- Sire: Sailor
- Grandsire: Eight Thirty
- Dam: Flower Bowl
- Damsire: Alibhai
- Sex: Filly
- Foaled: 1958
- Country: United States
- Colour: Chestnut
- Breeder: Brookmeade Stud
- Owner: Brookmeade Stable
- Trainer: J. Elliott Burch
- Record: 16: 10-3-3
- Earnings: $398,504

Major wins
- National Stallion Stakes (filly division) (1960) Gardenia Stakes (1960) Frizette Stakes (1960) Spinster Stakes (1961) Acorn Stakes (1961) Coaching Club American Oaks (1961)

Awards
- U.S. Champion two-year-old filly (1960) U.S. Champion three-year-old filly (1961)

Honours
- United States' Racing Hall of Fame (2004)

= Bowl of Flowers =

American-bred Thoroughbred racehorse

Bowl of Flowers (foaled 1958 in Virginia) was an American Hall of Fame Thoroughbred Champion racehorse.

==Background==
Bowl of Flowers was the product of two horses owned by Isabel Dodge Sloane. Bred at Ms Sloane's Brookmeade Stud in Upperville, Virginia, her sire was Sailor, winner of the 1955 Pimlico Special, and her dam was Flower Bowl, for whom the Flower Bowl Invitational Stakes at Belmont Park is named. Bowl of Flowers was a half-sister to the successful racehorses and sires Graustark and His Majesty (both by Ribot).

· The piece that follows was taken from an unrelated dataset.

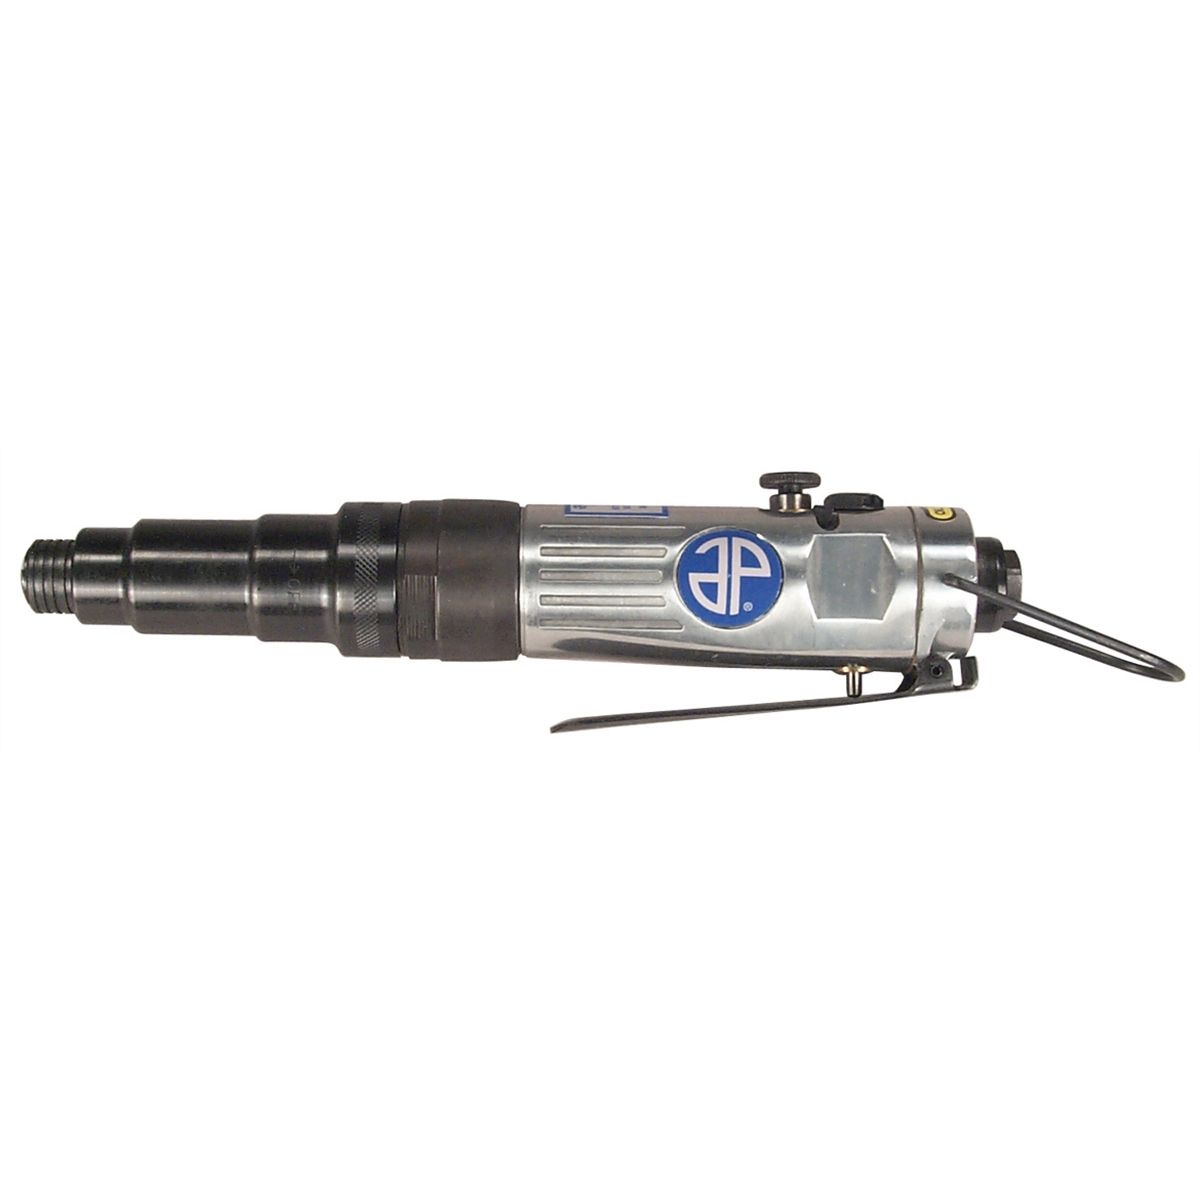 1/4 Inch Drive Straight Type Air Screwdriver - 1800 RPM
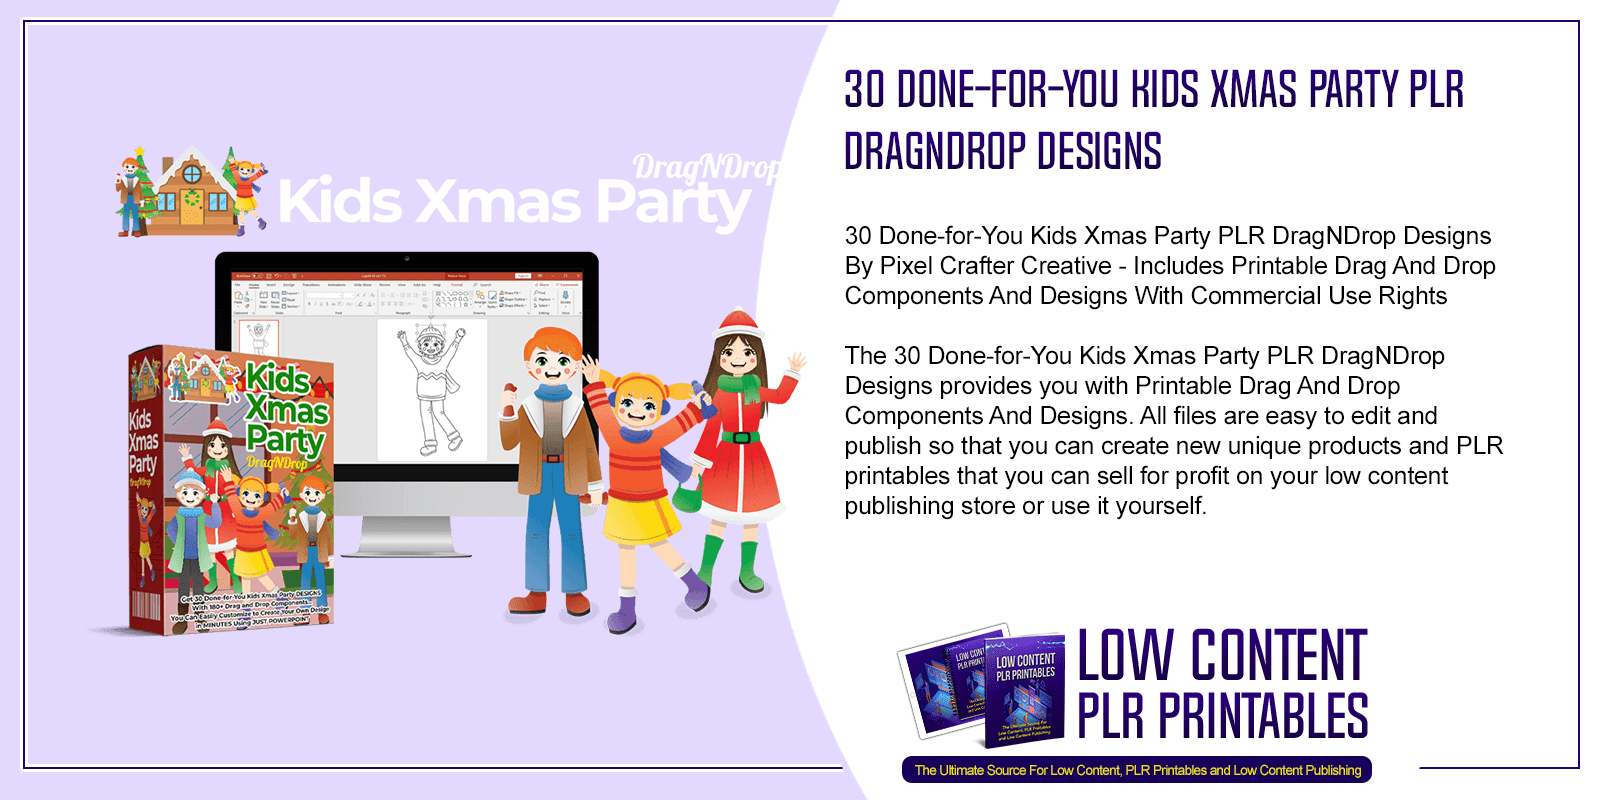 30 Done for You Kids Xmas Party PLR DragNDrop Designs

Racing under the banner of Ms Sloane's Brookmeade Stable, Bowl of Flowers was trained by Elliott Burch.

==Racing career==
At age two, in her eight starts the filly won six races and finished second twice. Her performances earned her 1960 Champion Two-Year-Old Filly honors. At age three, she continued her winning ways, capturing two of the Triple Tiara of Thoroughbred Races and finishing second in the third. Once again, Bowl of Flowers' performances earned her the U.S. Champion three-year-old filly title.

==Retirement==
While training at Hialeah Park Race Track in Florida for the 1962 racing season, Bowl of Flowers fractured a sesamoid bone and was retired. As a broodmare, she produced seven foals including the colt Spruce Bouquet (by Big Spruce), who won the 1981 Hawthorne Gold Cup Handicap, and the sire Whiskey Road (by Nijinsky), whose progeny included the 1981 Melbourne Cup winner Just A Dash and the international champion Strawberry Road.

==Honors==
In 2004, Bowl of Flowers was inducted in the United States' National Museum of Racing and Hall of Fame.